I had planned to write about something completely different, but it feels wrong to not write about the one thing I cannot get off my mind. You see, about the time I started to write this blog, I lost a baby.
I had a miscarriage.
I never saw it coming, but I guess no one ever does. It was the second ultrasound. I had already seen my baby once. I saw the little heartbeat flickering on the screen and felt the assurance that I was going to have a baby in September. My husband and I experienced the joy of knowing we had another child on the way. Our family was excited, and our twin girls were over the moon about becoming big sisters, but our joy quickly turned to sorrow when there was no heartbeat at that second ultrasound.

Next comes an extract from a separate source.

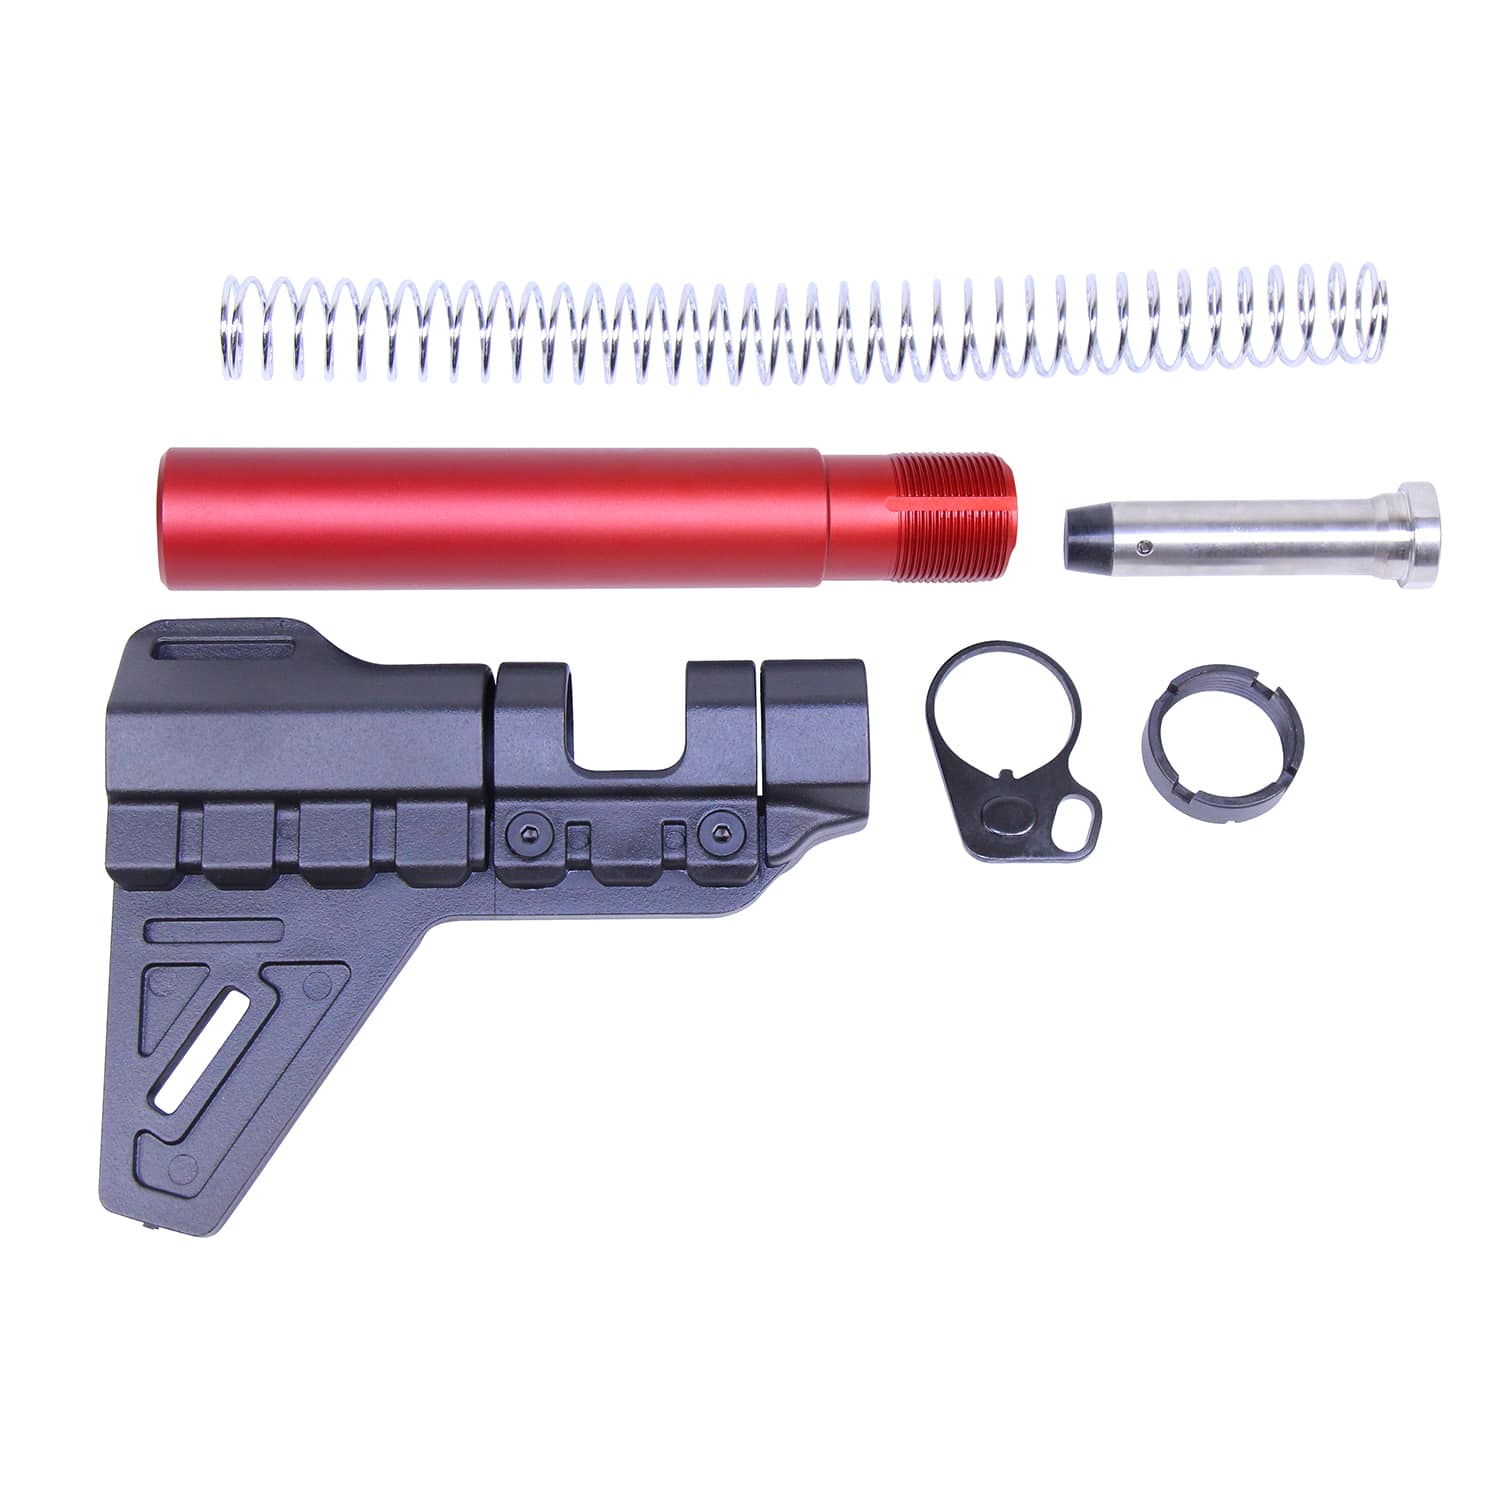 AR-15 Micro Breach Pistol Brace Set in Anodized Red

The little life I had carried inside of me was gone.
I believe that everything happens for a reason, but I’ll admit that I am having a hard time finding any reason in this. Maybe I haven’t found it because the loss is still too recent or maybe I’ll never find out what the reason was. I don’t know, but what I do know is that this experience has changed me and reaffirmed what is important in life.

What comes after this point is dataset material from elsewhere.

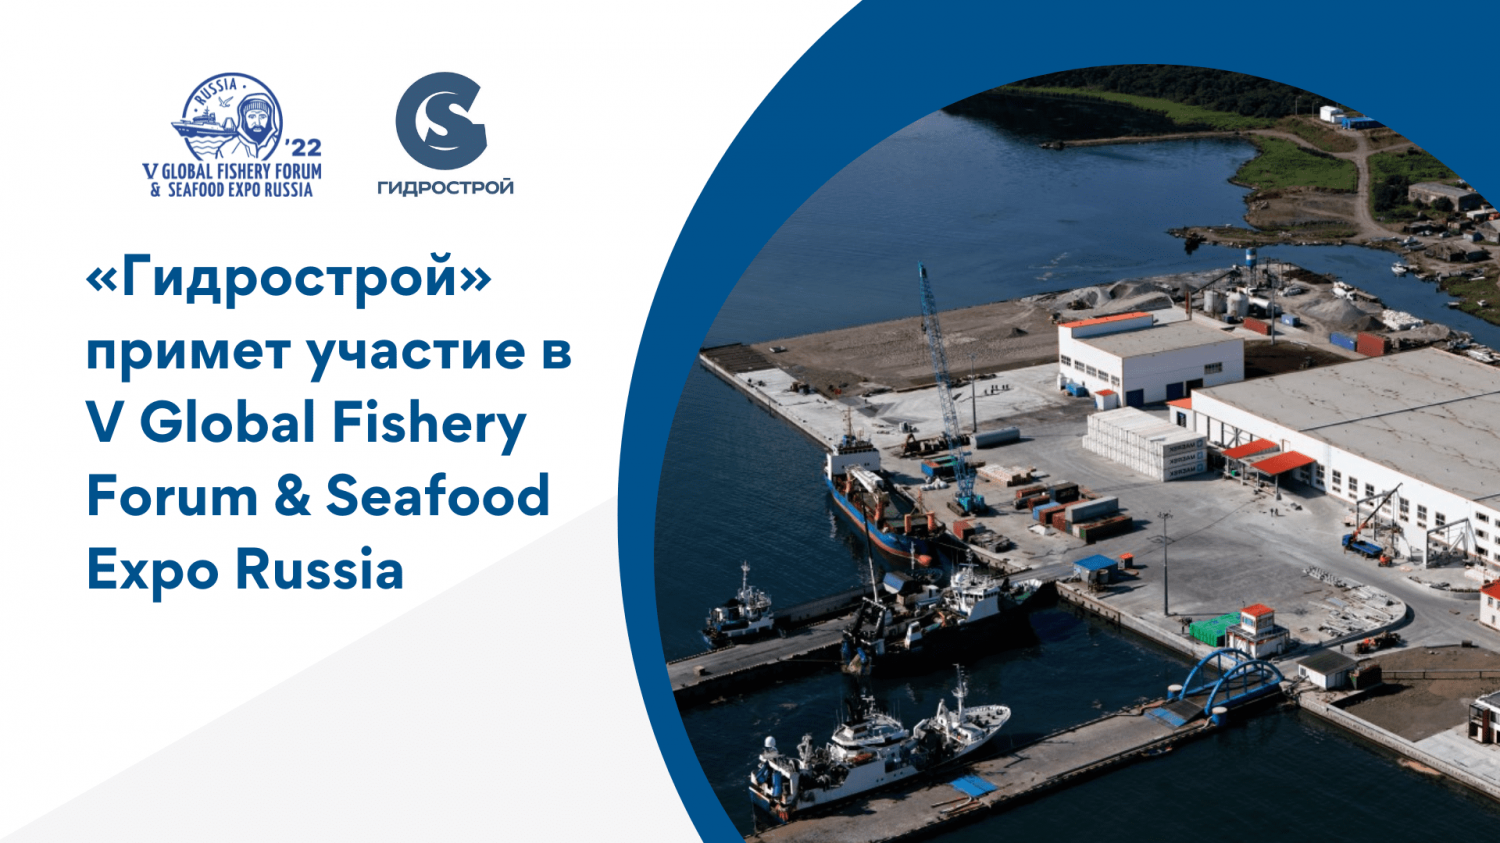 «Гидрострой» примет участие в V Global Fishery Forum & Seafood Expo Russia

I have always been a mom of schedules and rules – type A through and through. I put a lot of emphasis on doing things the “right way.” I was so afraid of messing up or raising children who didn’t know how to behave. I love my girls and love for them to have fun, but anything too unstructured or off-plan gave me so much anxiety. I tried to be laid-back and roll with the punches, but it was tough for me.
When this happened, all those things I stressed over stopped feeling important.
Pushing back nap time because it’s a beautiful day or being late because the girls want to stop and watch a worm crawl across the pavement is no big deal. I let the laundry pile up because my girls want me to play Play-doh with them, and the dishes wait now until they go to bed. I read all the books they ask for (even the super long ones). The hard days with them don’t seem as hard now. Temper tantrums and nap refusals don’t ruin my whole day. I see bad moments for what they are — just a few minutes out of a whole day.
I spend my time being more present than I have ever been and loving my girls as much as I can. The very fact that I have two little girls feels like even more of a blessing. Their very existence is even more of a miracle. It’s easy to put away my phone and things that used to distract me. I cherish all the giggles and snuggles. Being their mother is a privilege and time spent with them is precious.
I have a heart full of gratitude for my village. I now know just how many people I have in my corner and how many people love me. I have family and friends who have shown up and lifted me up when I wasn’t even sure what I needed. Women I barely know have reached out and shared their stories of loss with me and have made me feel less alone. I used to think that leaning on others was a sign of weakness, but now I know better. Moms need each other to get through the terrible and tough parts of life.
I am nowhere near being done processing this loss and the grief is still severe. So, I am not here to tell anyone how to get through something like this, because I am still not sure. I don’t know the right way to cope or if I will be able to look back on this one day without it hurting. It’s hard searching for answers I know I may never find.